Bill Staples, a Mississippi Department of Health employee, is given an intradermal shot of flu vaccine by Rosemary Jones, RN. (Photo: AP/Rogelio V. Solis)
Given that it's flu season, it might seem in the best interest of healthcare workers to receive a flu shot to protect themselves and patients. But some hospitals and local governments are instituting mandates for employees to get the shot and, in some areas, those who don't comply could lose their jobs.
The "no shot, no job" policy is being adopted by healthcare institutions nationwide and some employees have been fired or suspended without pay already, while others are sacrificing their beliefs in order to keep their jobs.

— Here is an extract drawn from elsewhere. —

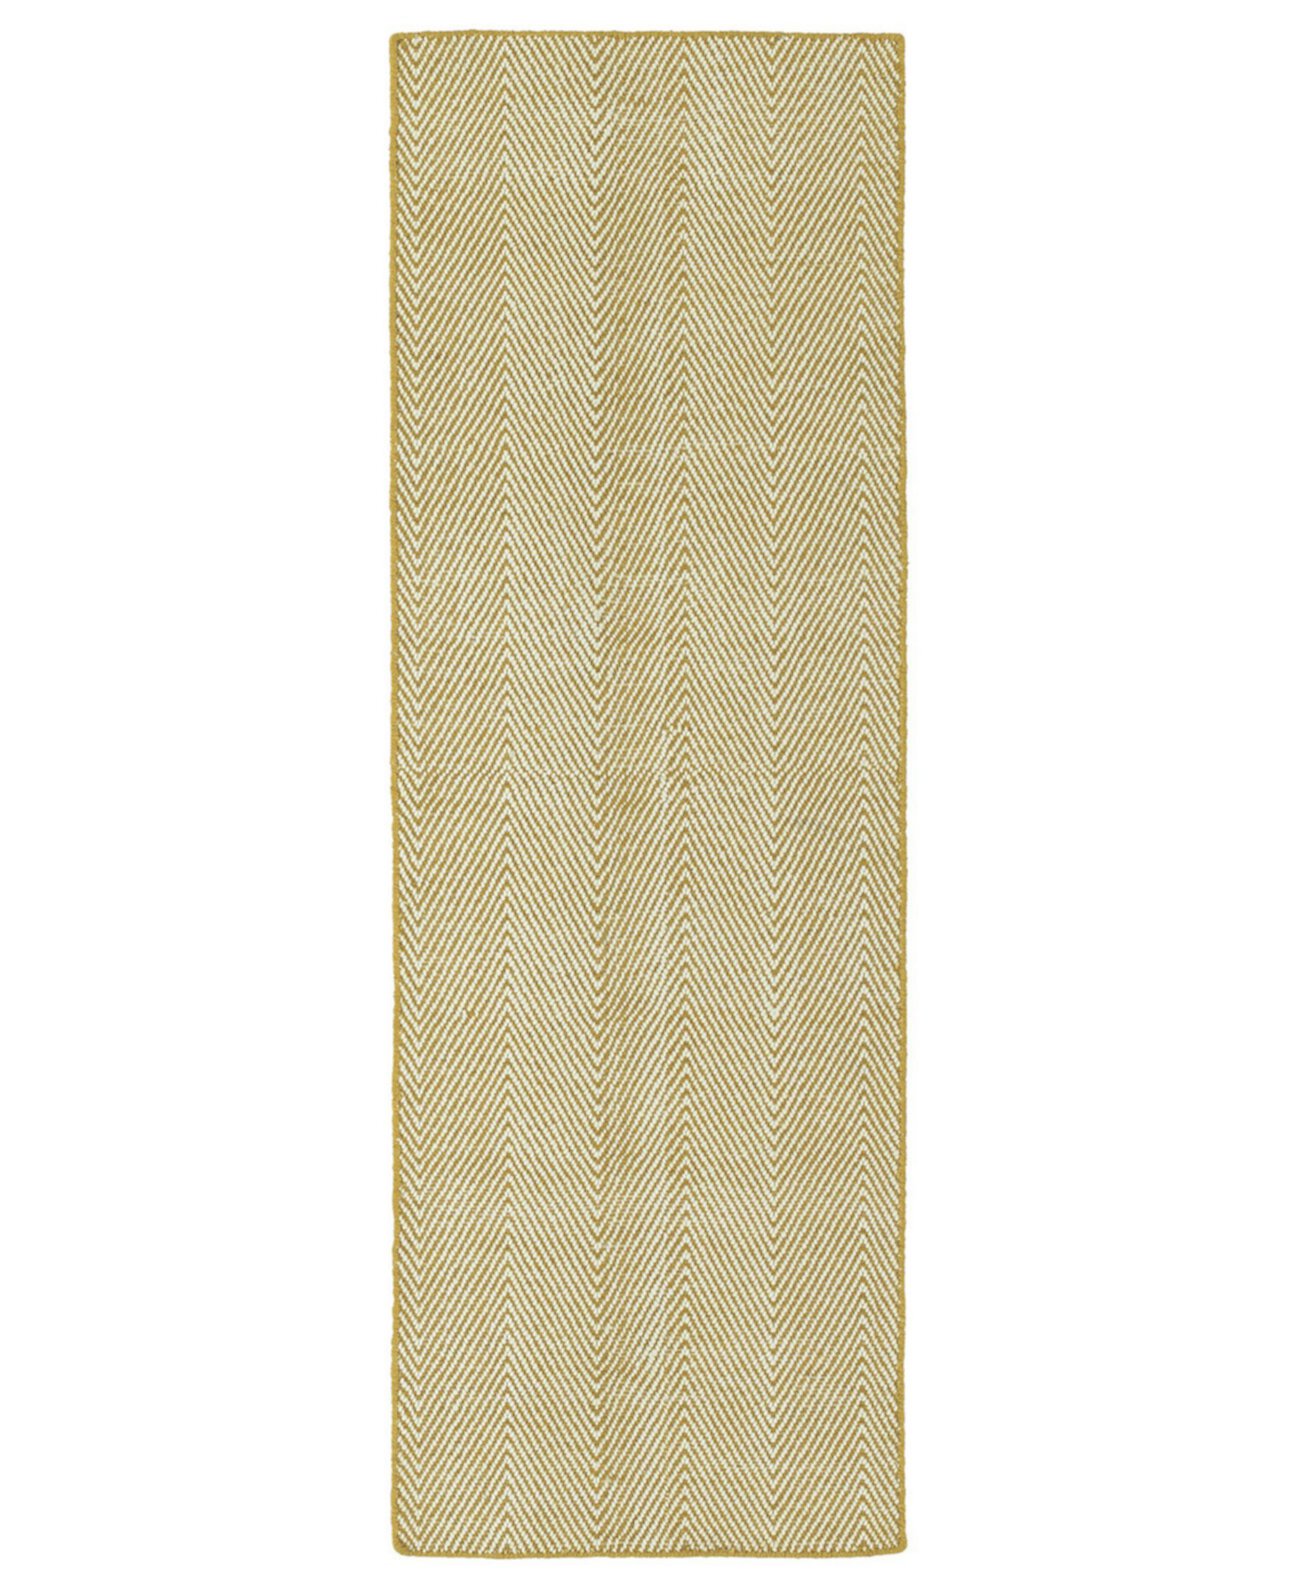 Ziggy ZIG01-05 Золотой коврик для беговой дорожки размером 2 x 6 футов Kaleen

The Center for Disease Control and Prevention recommends those who "live with or care for others who are high risk of developing serious complications" from the flu, receive the shot.
HuffPost Live recently featured a nurse, Kay Miller, who doesn't say which hospital she was allegedly fired from, but she cited her reason for refusing the shot as because her daughter is vaccine injured.
Those refusing the shot have said they believe it infringes upon their rights.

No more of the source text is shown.